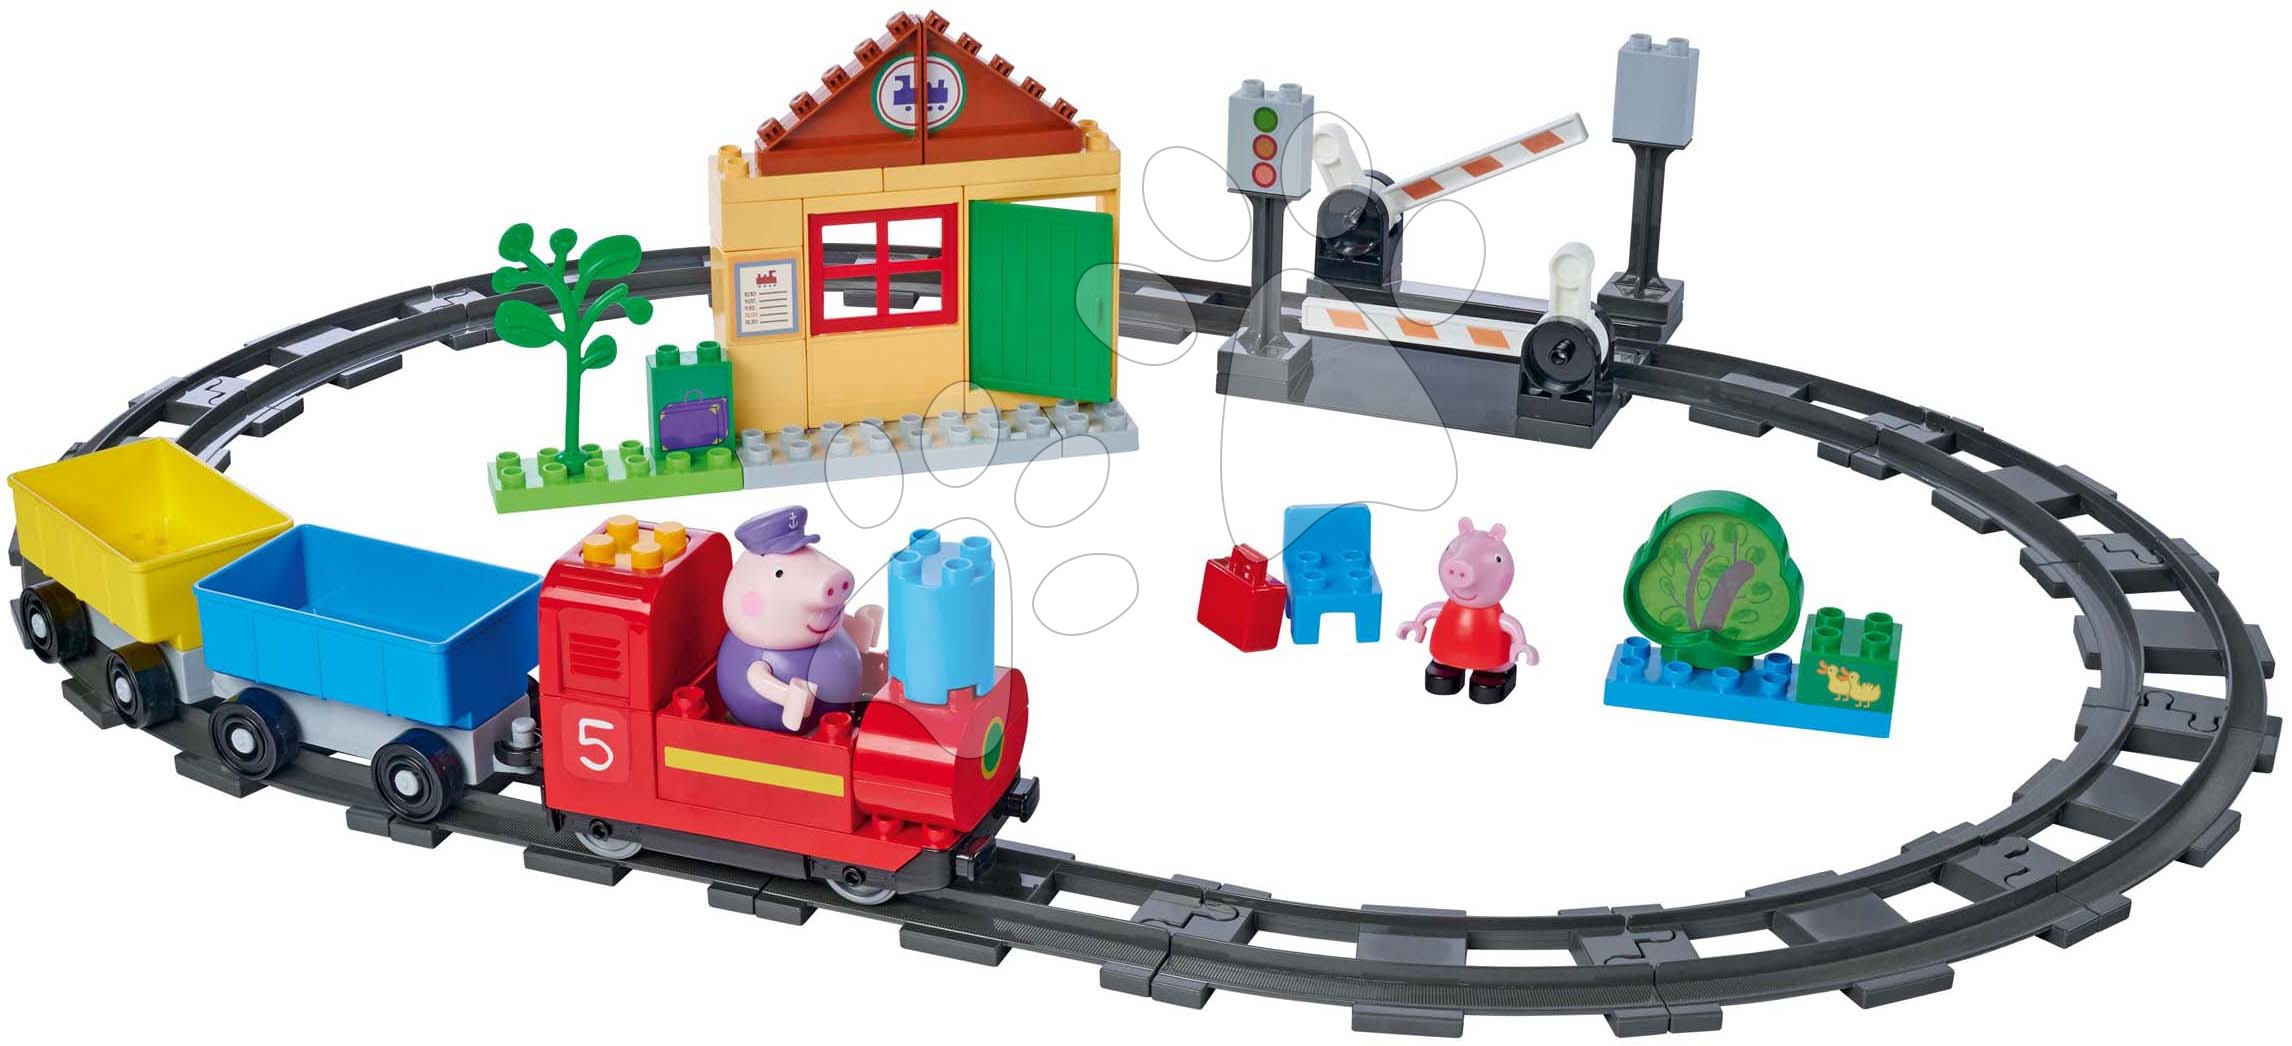 Építőjáték elektronikus Peppa Pig Train Fun PlayBig Bloxx Big vasút hanggal és 2 figurával 55 darab 1,5-5 évesnek
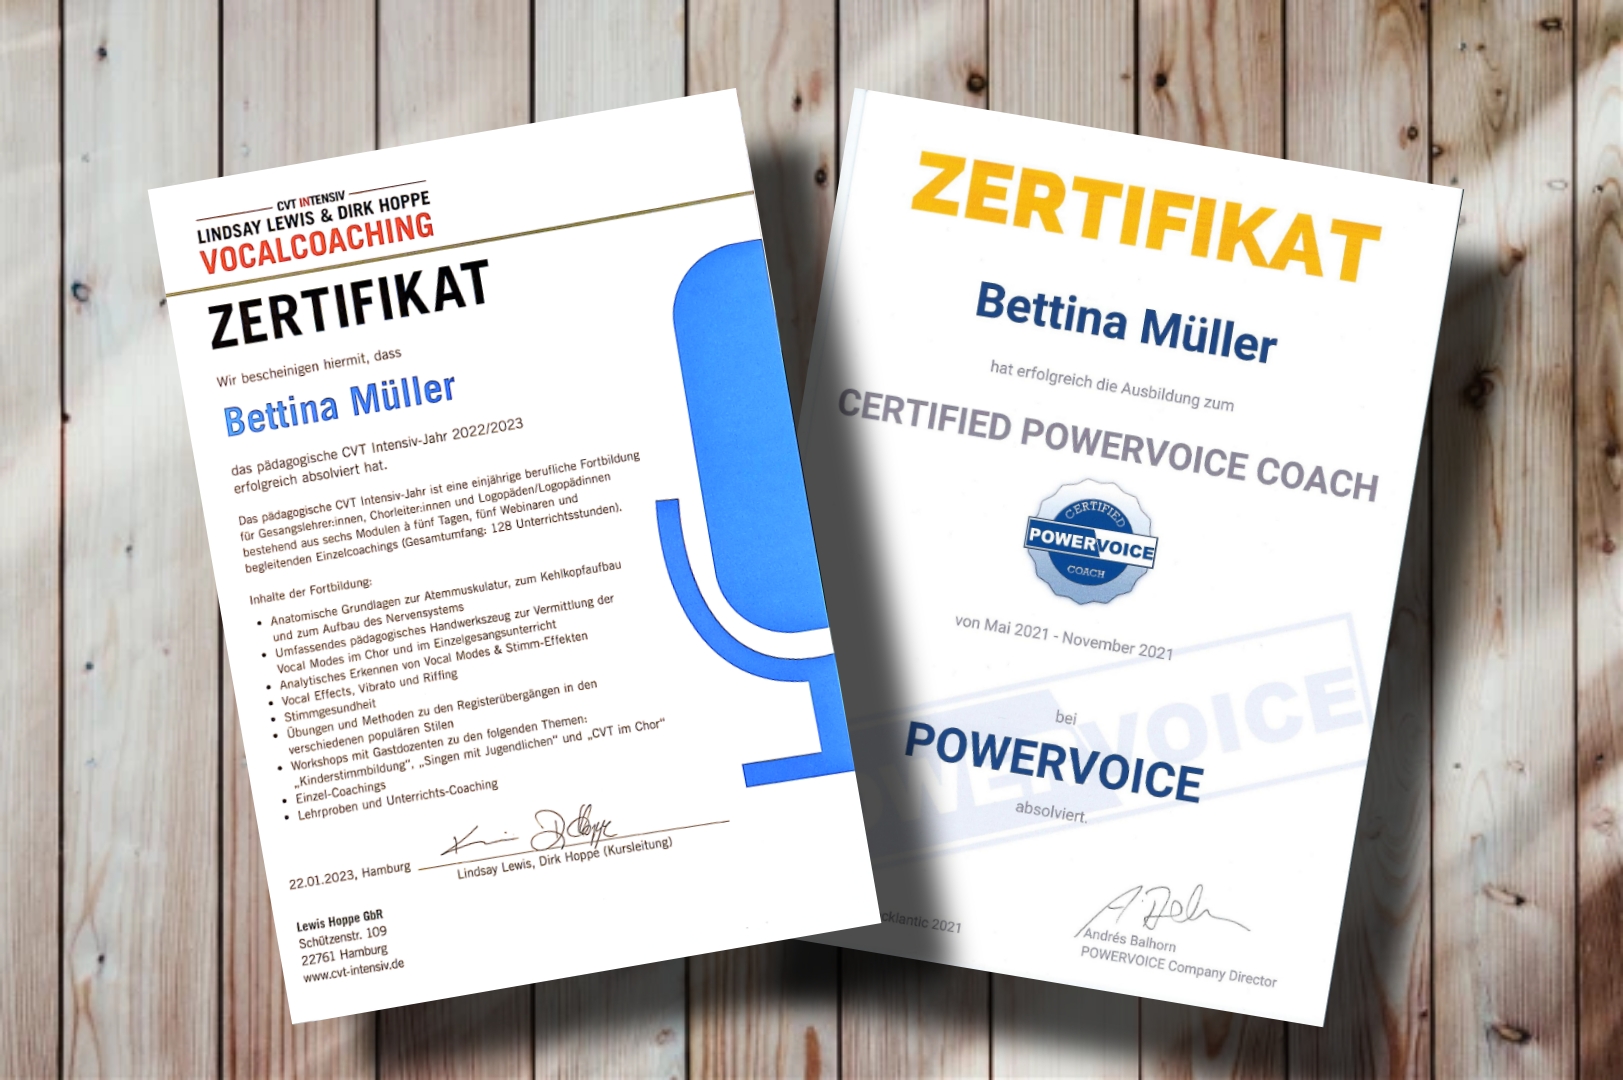 Zertifikate-CVT-Powervoice-Bettina-Mueller
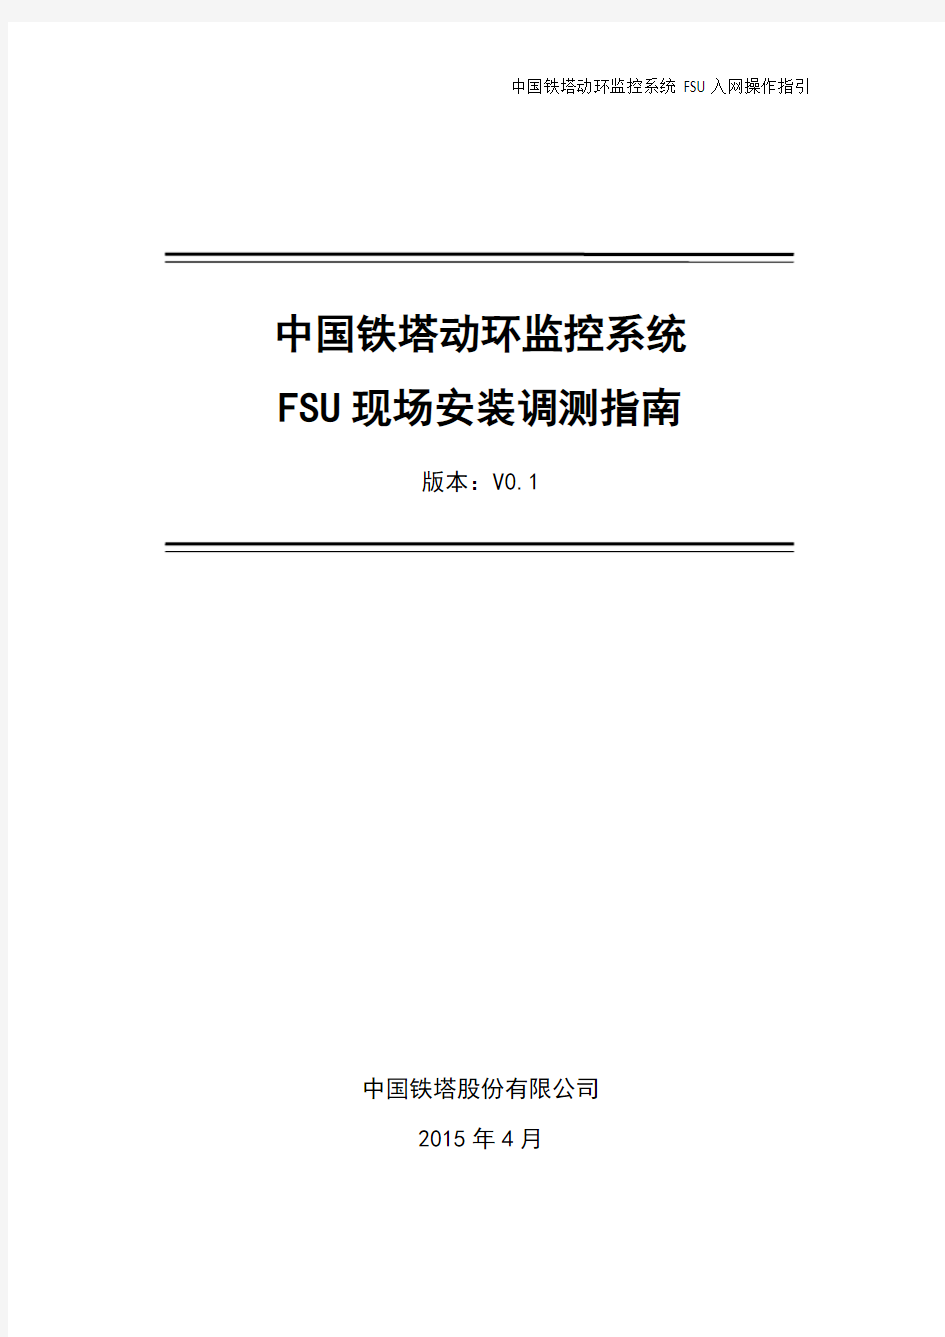 (完整版)中国铁塔动环监控系统FSU现场安装调测操作指南_20150507

**Task requirements**
The required output consists only of the lines from the one containing "Zertifikate-CVT-Powervoice-Bettina-Mueller" to the last line of the material, reproduced exactly, pictures excluded.

**Reply to the exercise**
 Zertifikate-CVT-Powervoice-Bettina-Mueller
 (完整版)中国铁塔动环监控系统FSU现场安装调测操作指南_20150507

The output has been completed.